DATA BELOW>
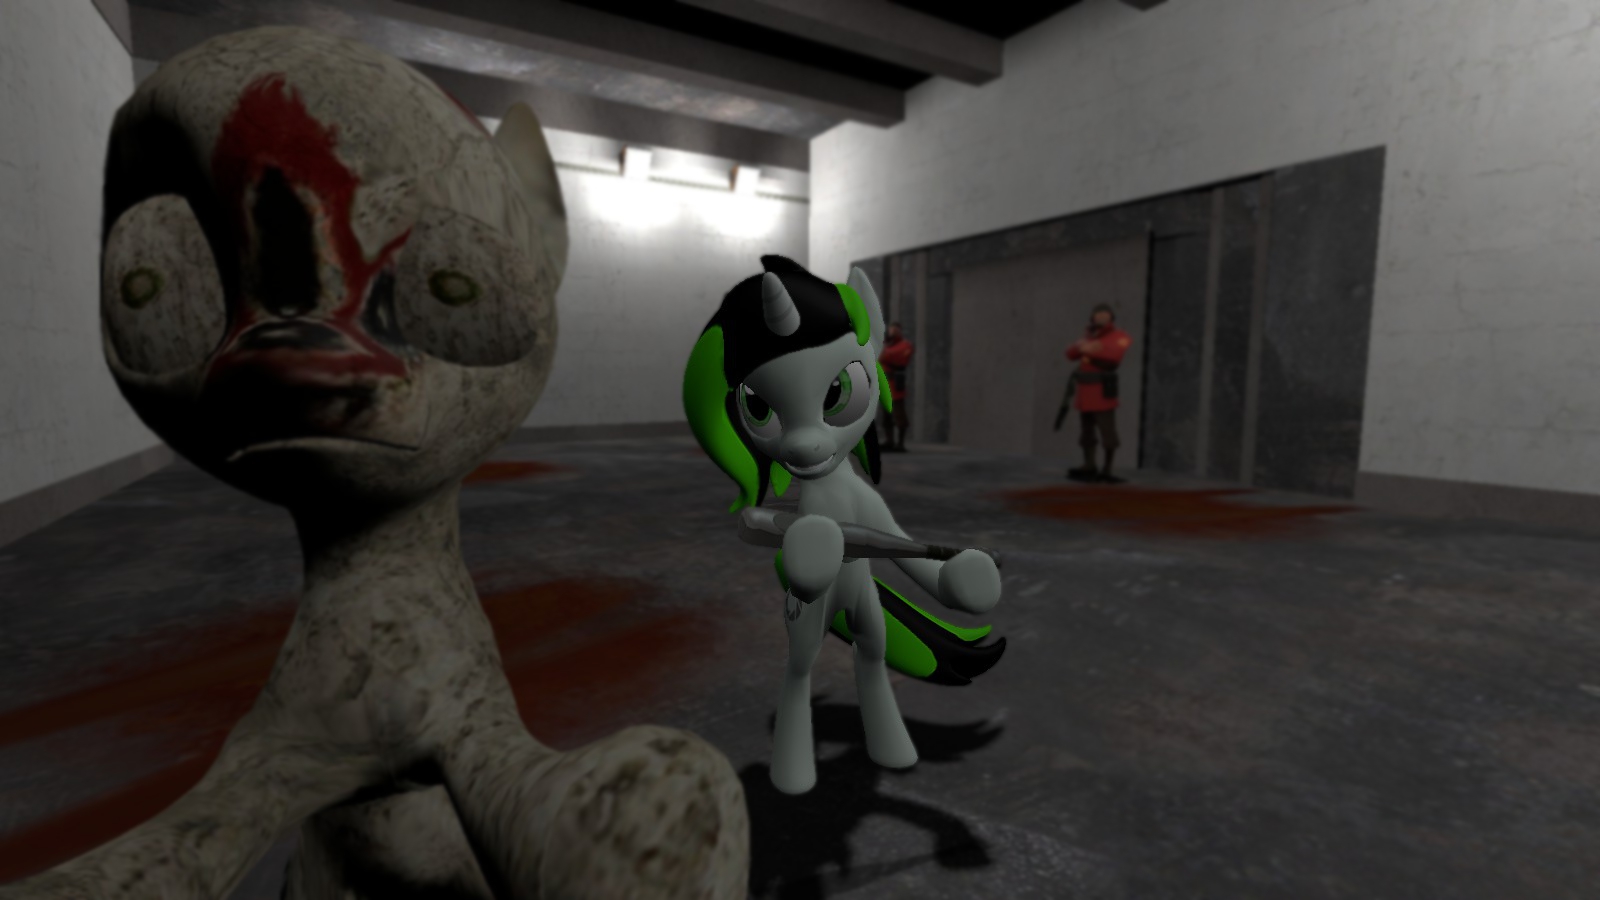 SCP-173 (Definitive Edition) by BatteryMasterMMD on Newgrounds
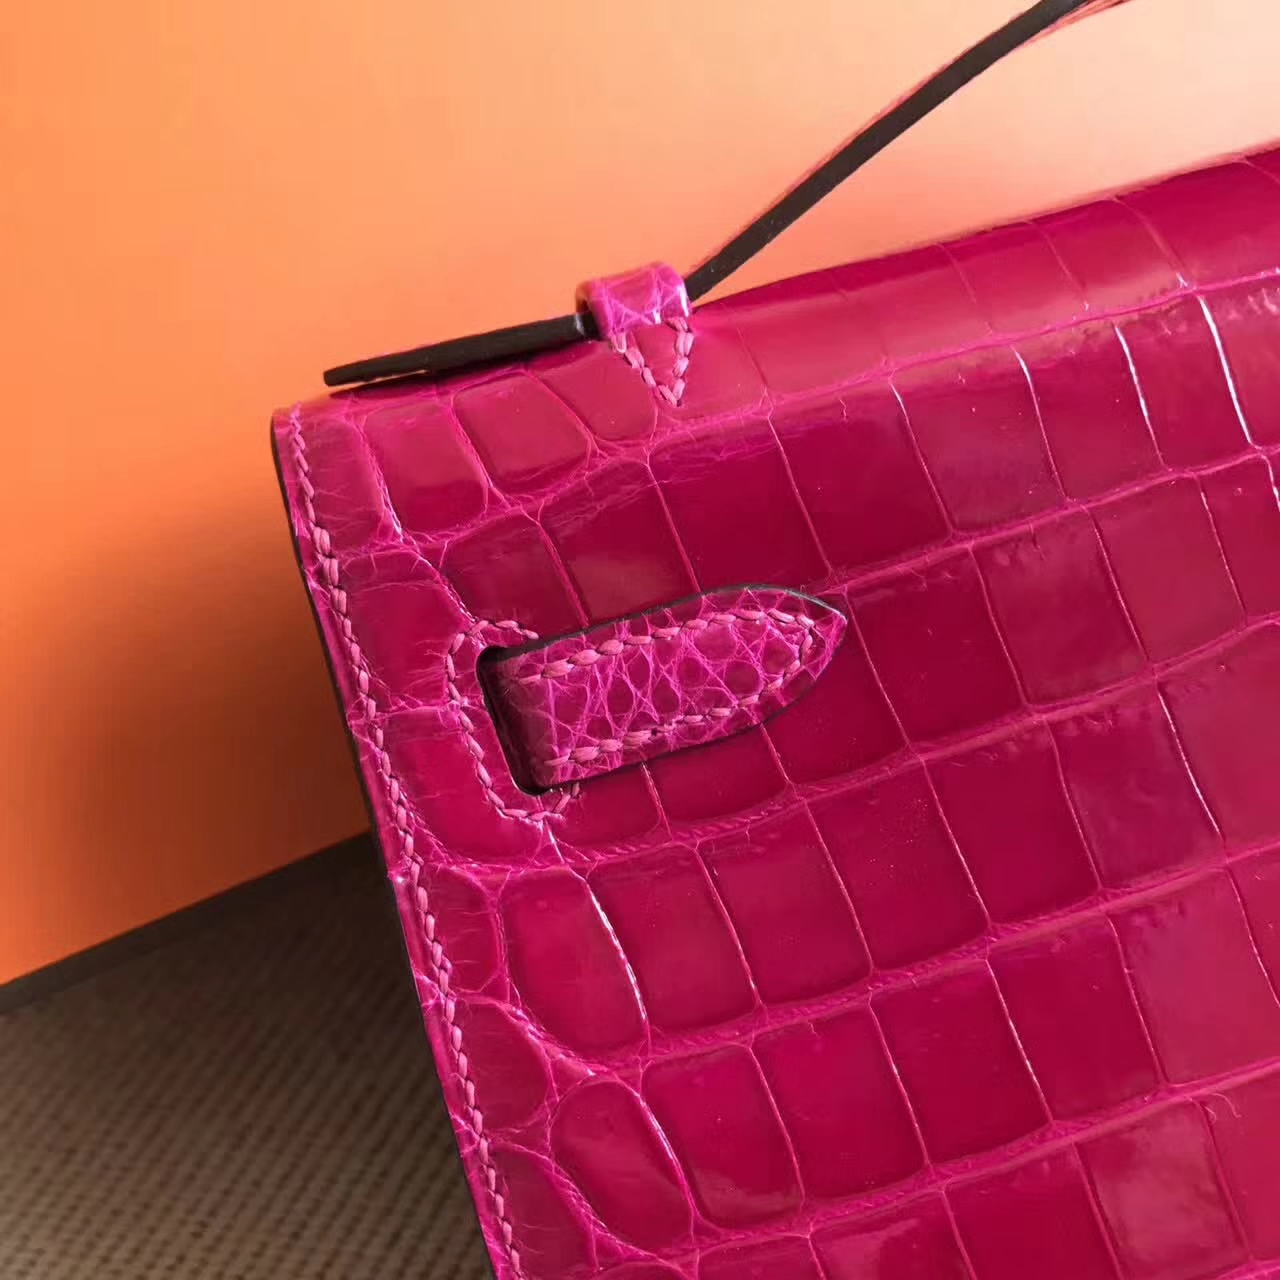 New Pretty Hermes Hot Pink Shiny Crocodile Leather Minikelly Bag22cm
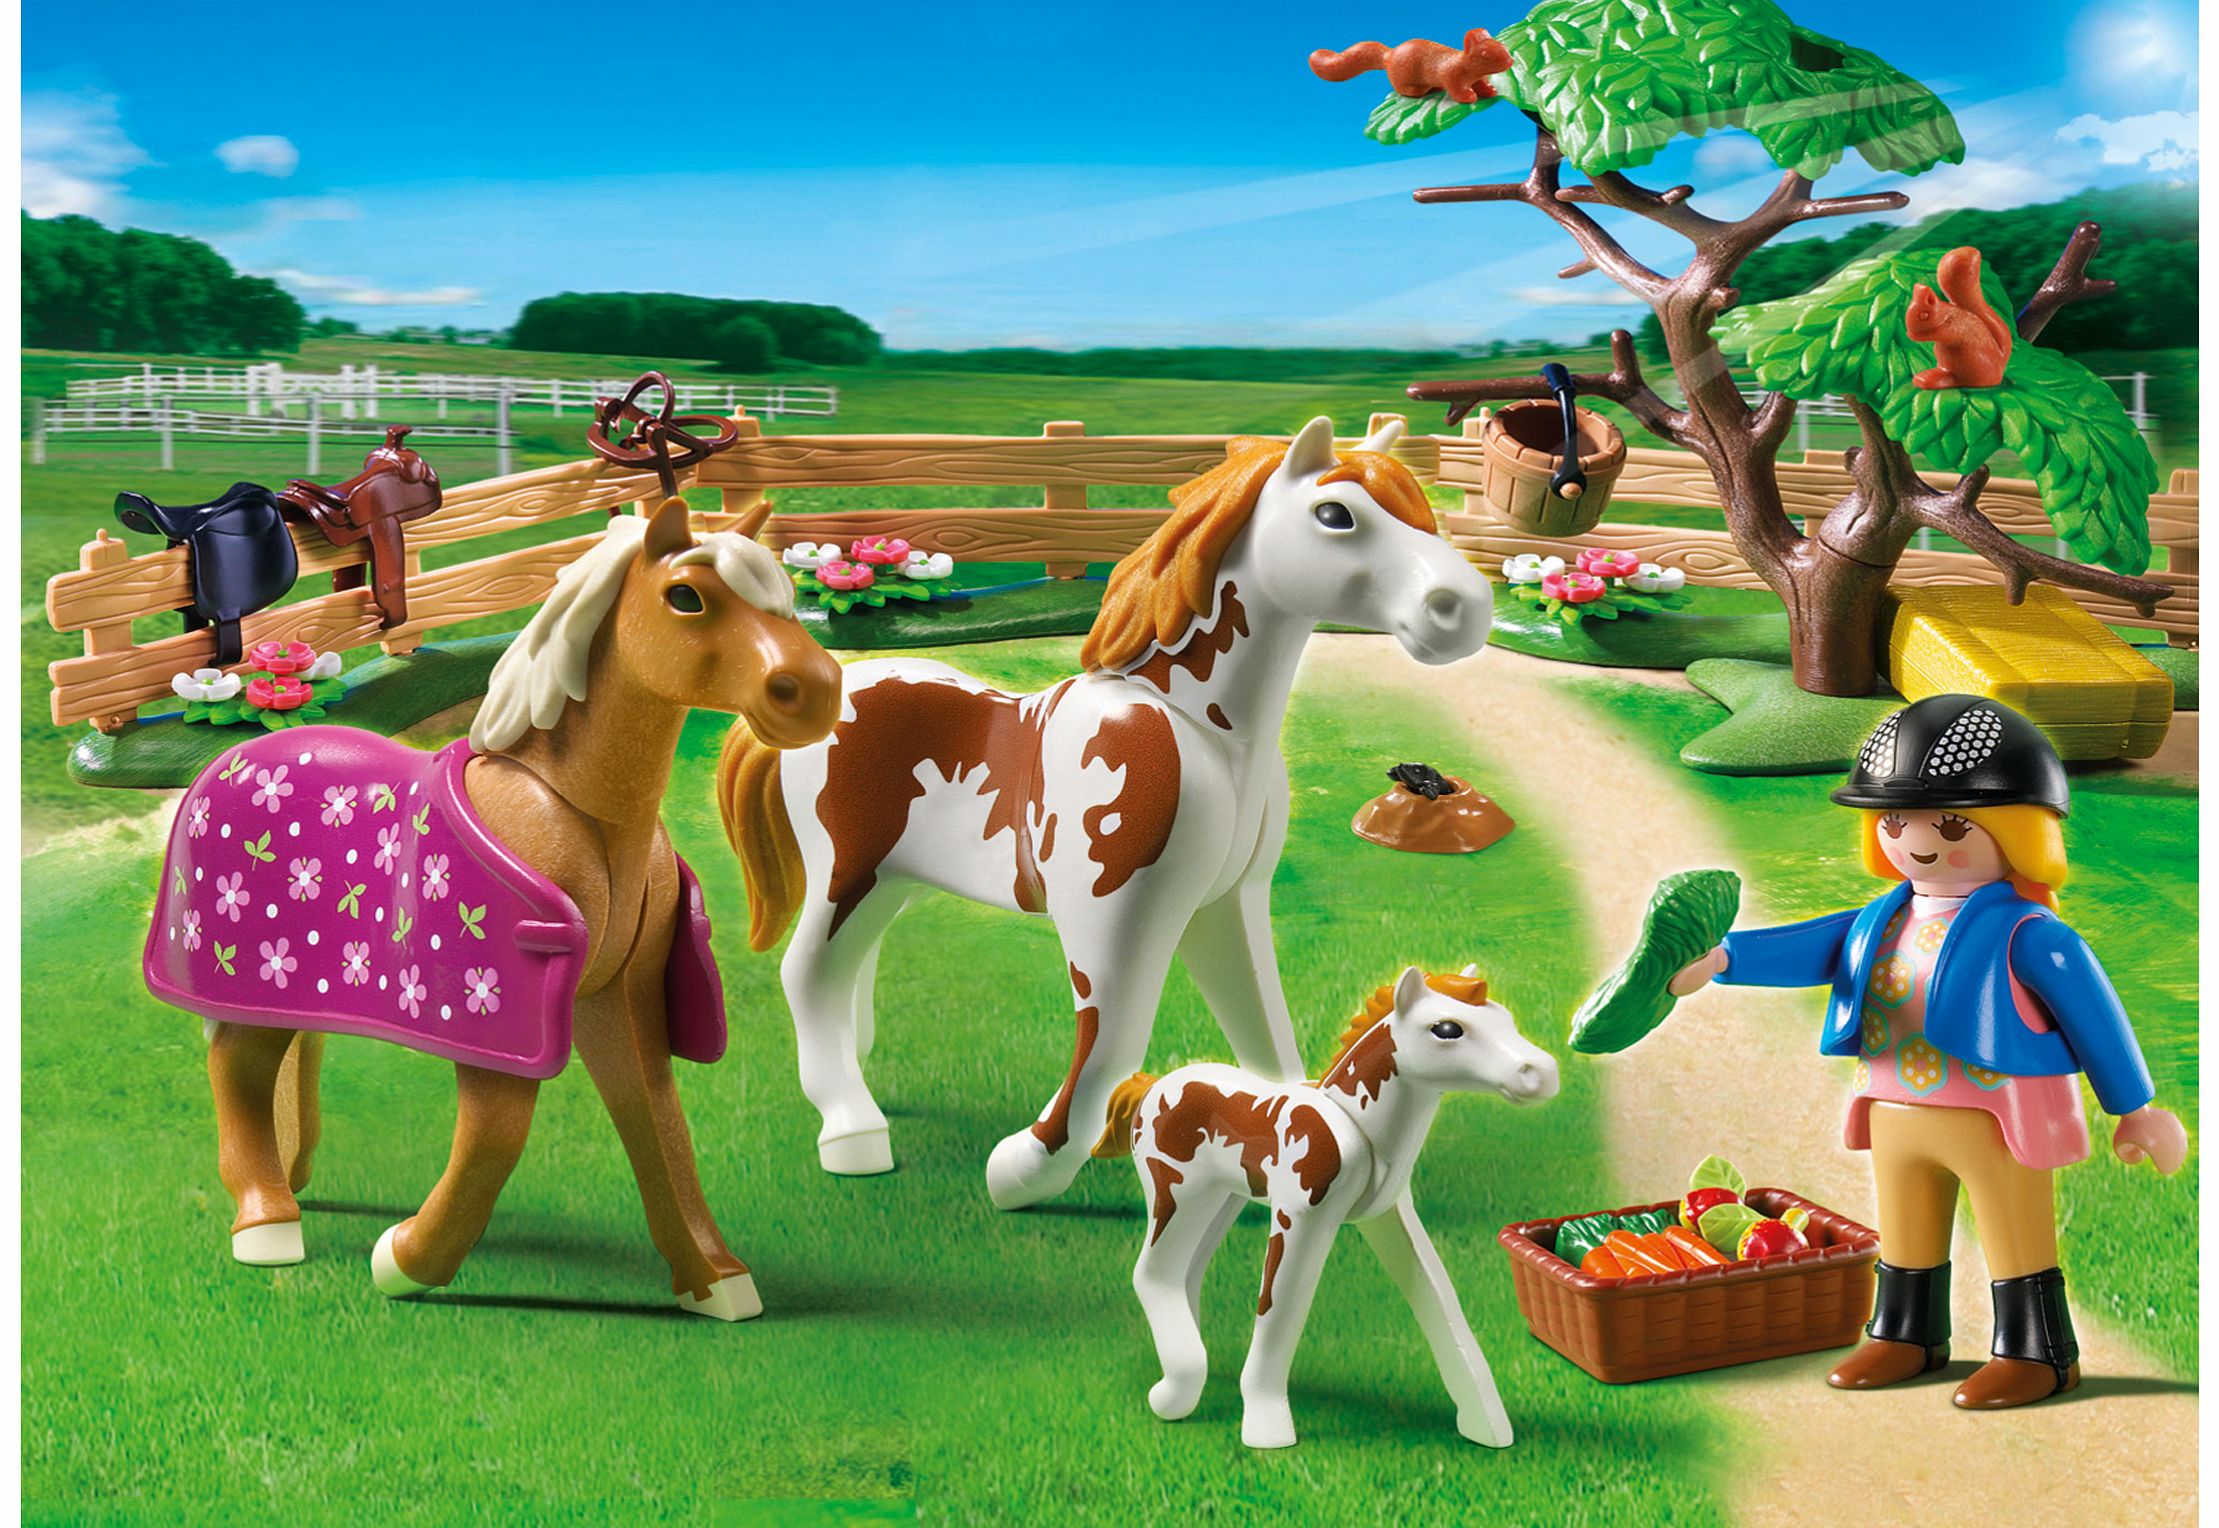 PLAYMOBIL Paddock With Horses and Pony 5227

INSTRUCTIONS FOR THE TASK> Where the material contains pictures, leave them out and copy the rest verbatim.

FINISHED TASK>
 SCP-173 (Definitive Edition) by BatteryMasterMMD on Newgrounds
 New Pretty Hermes Hot Pink Shiny Crocodile Leather Minikelly Bag22cm
 PLAYMOBIL Paddock With Horses and Pony 5227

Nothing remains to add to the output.